On court day, I wore my blue uniform. On the drive to Modesto, Mrs. Pound asked me about my grade point average. I told her I didn’t know; I hadn’t picked up my grades yet. “Tell the Judge you have a B average OK?”
Entering the courtroom, I was escorted to the front of the room to sit at the Attorneys desks. The Judge entered the room. I sat erect in my chair, making sure not to slouch or have bad posture. I wanted to look as professional as I possibly could.
Speaking to me, the Judge asked, “What is your grade point average young lady?”
“B average, your Honor” I quipped without hesitation.
“You’re here to ask for money from your trust fund for a car?’ he said with a serious tone in his voice.
“Yes, your Honor. I go to the hospital in the morning, then back to the College in the afternoon. I’m required to have reliable transportation to stay in the program.” I responded quickly.
“So…you're training to be a Nurse?” he examined carefully.

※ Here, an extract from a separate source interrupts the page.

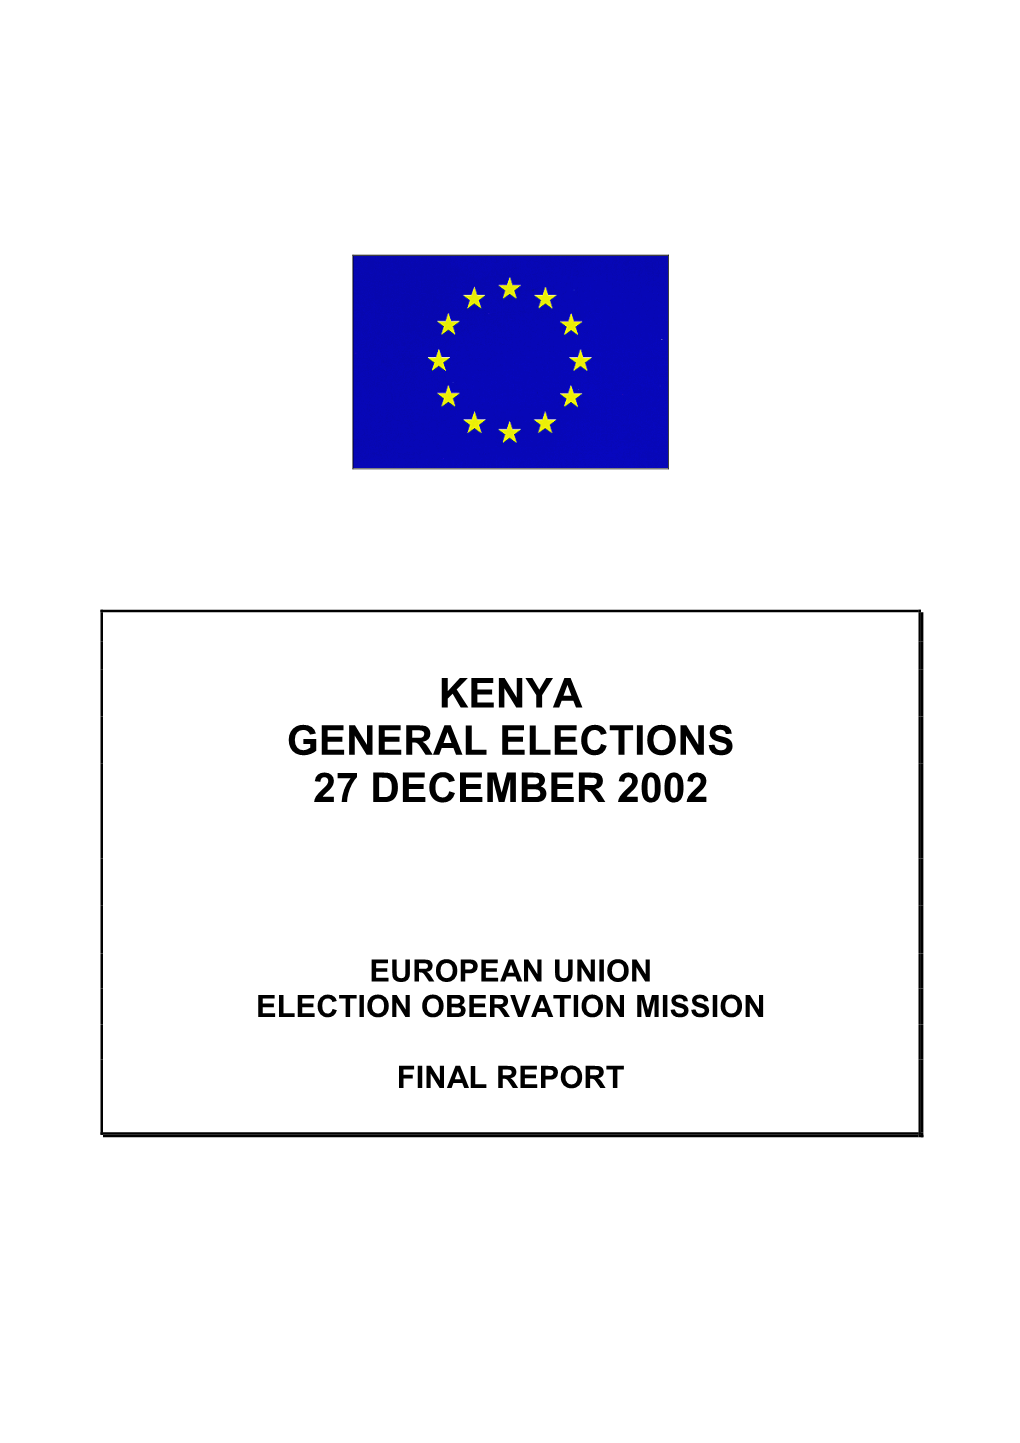 Kenya: Final EU Observation Report 2002 General Elections

“Yes, Sir! A Licensed Vocational Nurse!” I reported proudly.
“Well,” he mused, “I guess you better go car shopping, young lady.”
Looking at Mrs. Pound seated next me, he announced, “Granted!”
She smiled at me knowingly as we left the courtroom.
With the $600 dollars released by the court, it wasn’t long after that Iwas able to put a down payment on my brand-new Ford Maverick and pay my first year’s insurance.
One of the hospitals I worked in as a Student was a Hospital in Modesto, CA. Mrs. Boyer was my instructor for that facility. She was pleasant and such a good teacher. Always so patient with her students. During my rotation with her, she approached me, discussing my need to get organized and learn to save steps. She told me that she understood that a young woman just out of High School would not be as organized as my elder peers who had families and children. However, she did offer me a solution to my problem.
“Linda, the staff here, have been talking to me, they like you here. They tell me that if you went downstairs to the staffing office, they would love to hire you part-time!”
“Really?” I blurted in amazement. “OK!”
“Why don’t you go down there right now?” she posed. “You’re caught up right?”
“Yes, yes I am” I quickly left the floor heading to the basement.
When I got there, this sweet smiling red-haired woman quickly handed me an application. “You’re Linda, right? Here fill this out; get it back to me. Then we can talk about when you’re available OK?”
I could feel my smile encompassing my whole face, “Absolutely! Weekends are great! OK?”
That conversation turned into a three-year job for me. When I was ready to take my state test for my license, I was told to bring my new license to the hospital as soon as I received it. They hired me full time as an LVN. Shortly thereafter, I became the Charge Nurse in the Newborn Nursery at 20 years of age.